50Hertz power grid interventions in Germany, 28-31 March 2012. 'Welt Online' reported on 'alarm level yellow' for German power grids on 28 and 29 March 2012. At 8:48 pm one of two circuits of the 380 kV line Wolmirsted-Helmstedt tripped. The other followed 12 minutes later. The interventions included about 2000 MW redispatch and about 4000 MW feed-in reductions. theoildrum.com

By Paul-Frederik Bach
30 May 2012

With a steep growth of power generation from photovoltaic (PV) and wind power and with 8 GW base load capacity suddenly taken out of service the situation in Germany has developed into a nightmare for system operators.

The peak demand in Germany is about 80 GW. The variations of wind and PV generation create situations which require long distance transport of huge amounts of power. The grid capacity is far from sufficient for these transports. The result is a remarkably large number of curtailments of RES (Renewable Energy Sources).

Reports from the European Network of Transmission System Operators for Electricity (ENTSO-E)[1] and the German Grid Agency[2] reflect concern for the operational security of the power system. The risk of a prolonged and widespread power blackout was earlier recognized by the German Bundestag and discussed in an interesting report[3].

This note will present main conclusions from the three reports combined with data, collected from the German system operators.

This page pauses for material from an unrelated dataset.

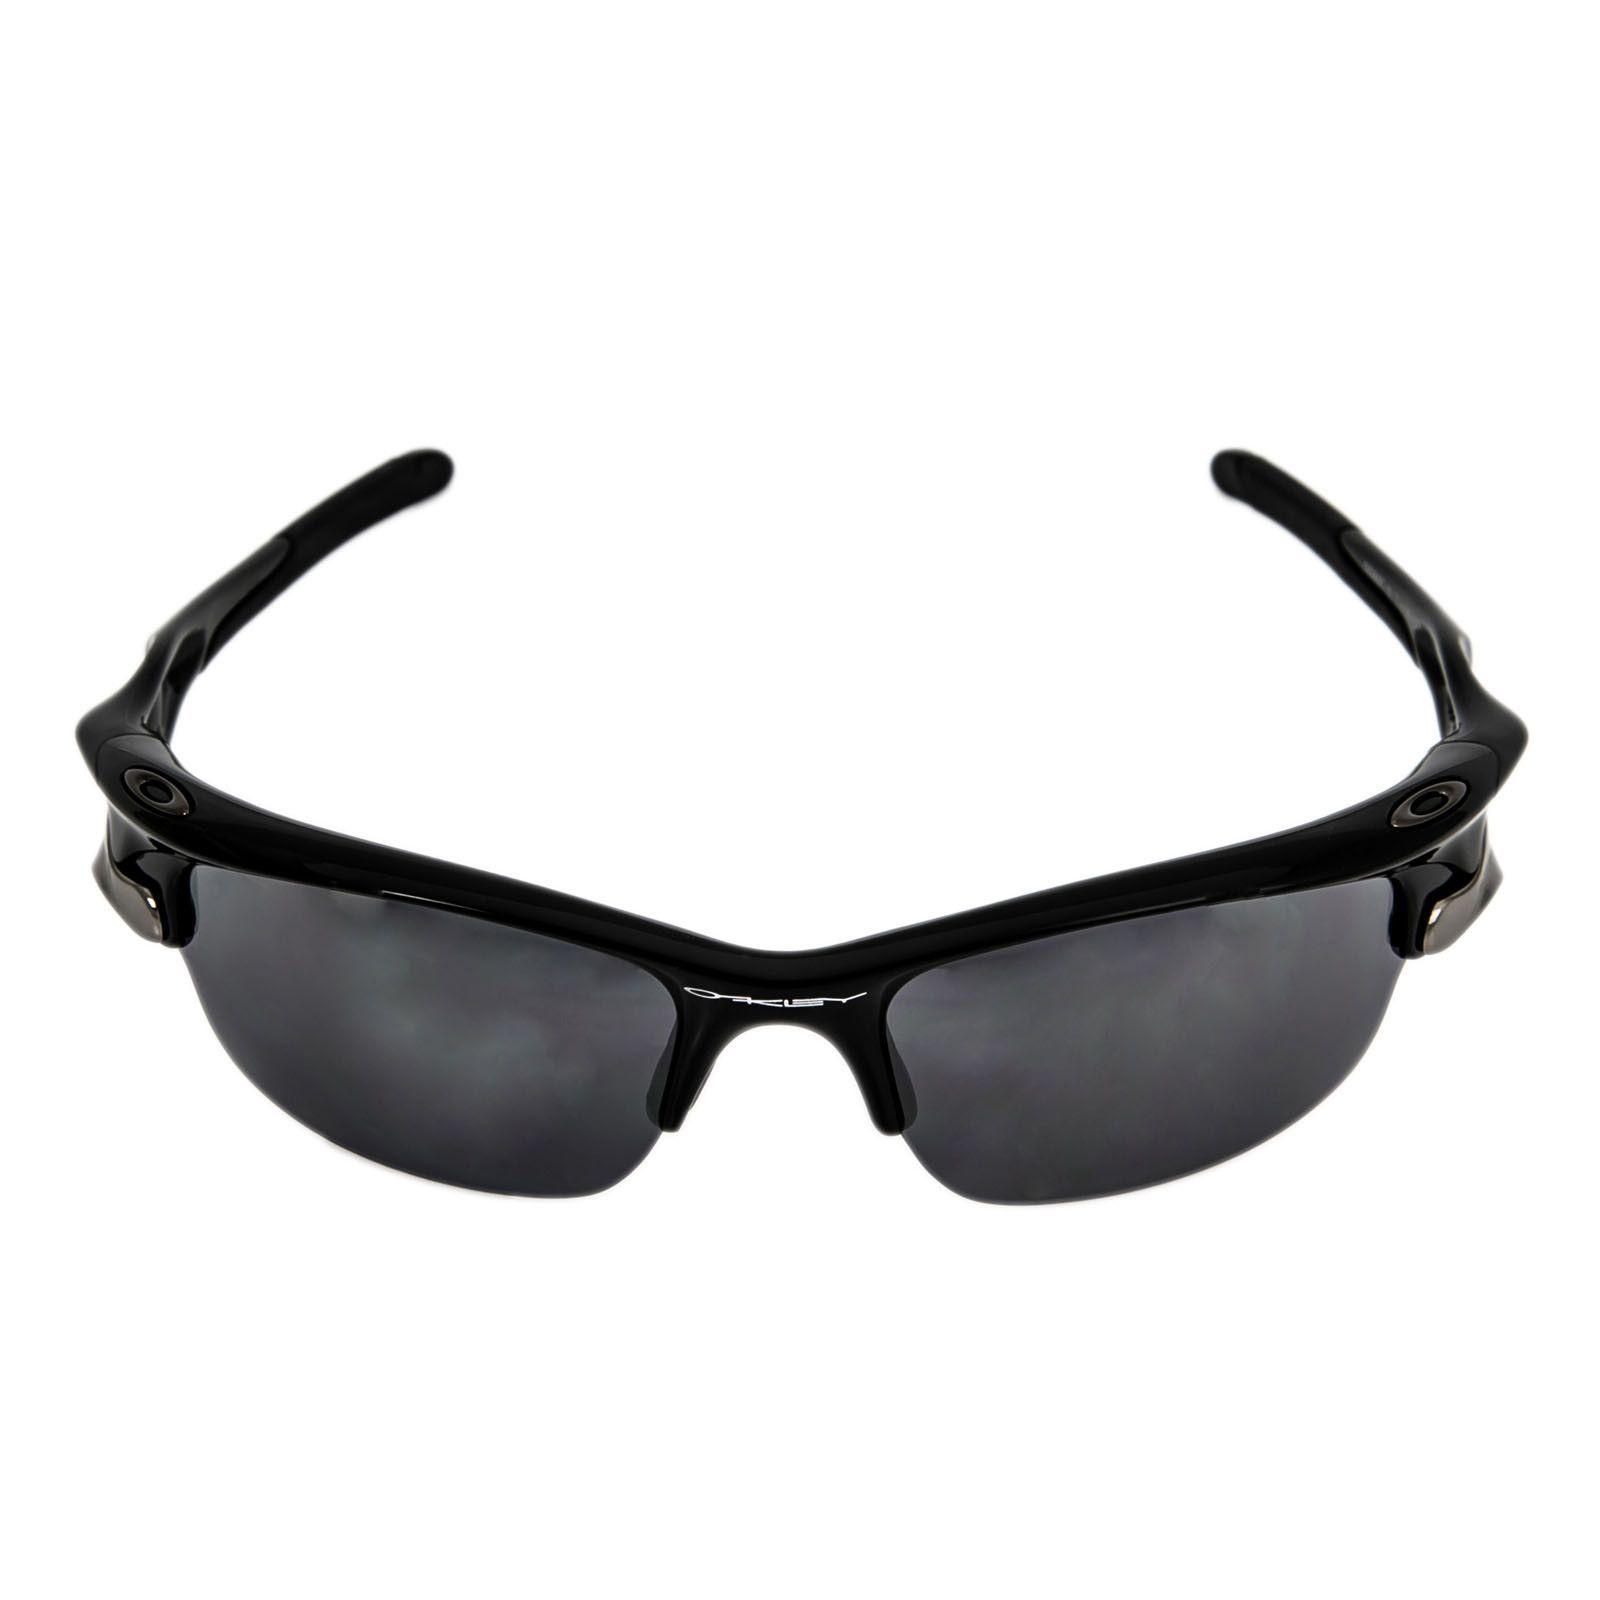 5397a4266f5 Oakley OO9097-16 Men s Fast Jacket XL Polished Black Plastic Frame Black  Iridium   P42 Iridium Lenses Sunglass ...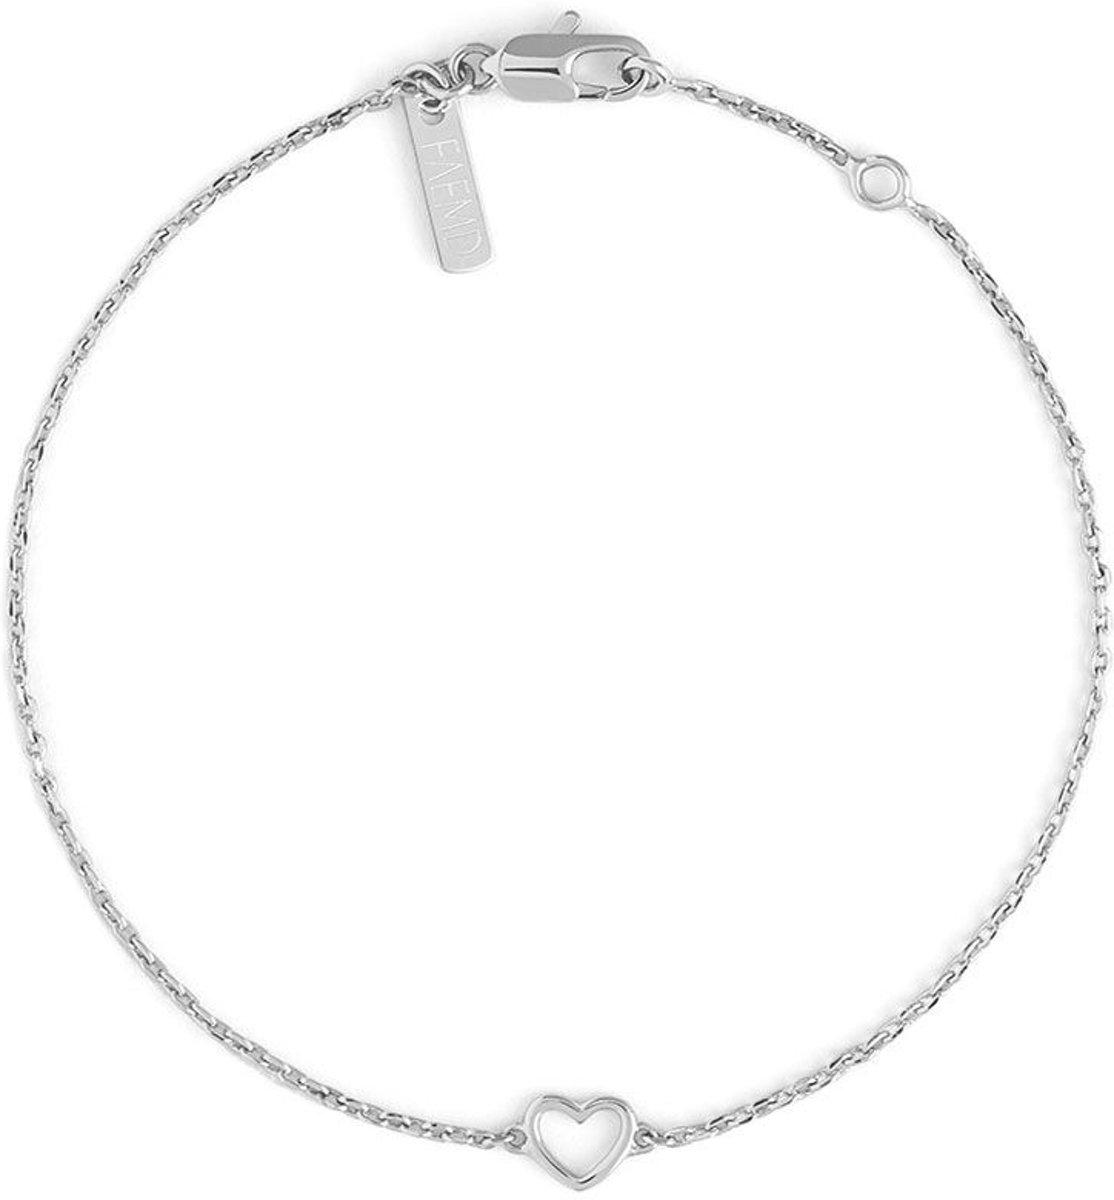 FAEMD Heart Bracelet - Dames - Armband - Zilver - Minimalistisch

Since January 2012, all 4 German system operators have published estimated PV generation based on representative samples. The data will give research environments a new opportunity to analyse the impact of RES in Germany.

Some observations are possible […]:

  • Wind power peaks seem not to be simultaneous with PV peaks. This means that PV does not add its full peak capacity to the grid problems during high wind periods.
  • The main part of the German wind power is installed in the northern part of the country while the main part of the PV capacity is installed in Bavaria. The nuclear moratorium has created the most serious supply problems in the southern part of Germany. This observation suggests additional PV generation to relieve the supply problems.
  • PV generation cannot reduce the need for peak capacity. The reason is that there is no PV generation during the evening peak load.
  • The regulating work which must be made by controllable power sources grows considerably with the growth of wind power and PV. TenneT is one of Germany’s 4 main grid operators. In the TenneT area a calculation for April 2011 has shown that wind power alone would extend the regulating range by more than 50%, while the actual combination of wind power and PV has doubled the regulating range. […]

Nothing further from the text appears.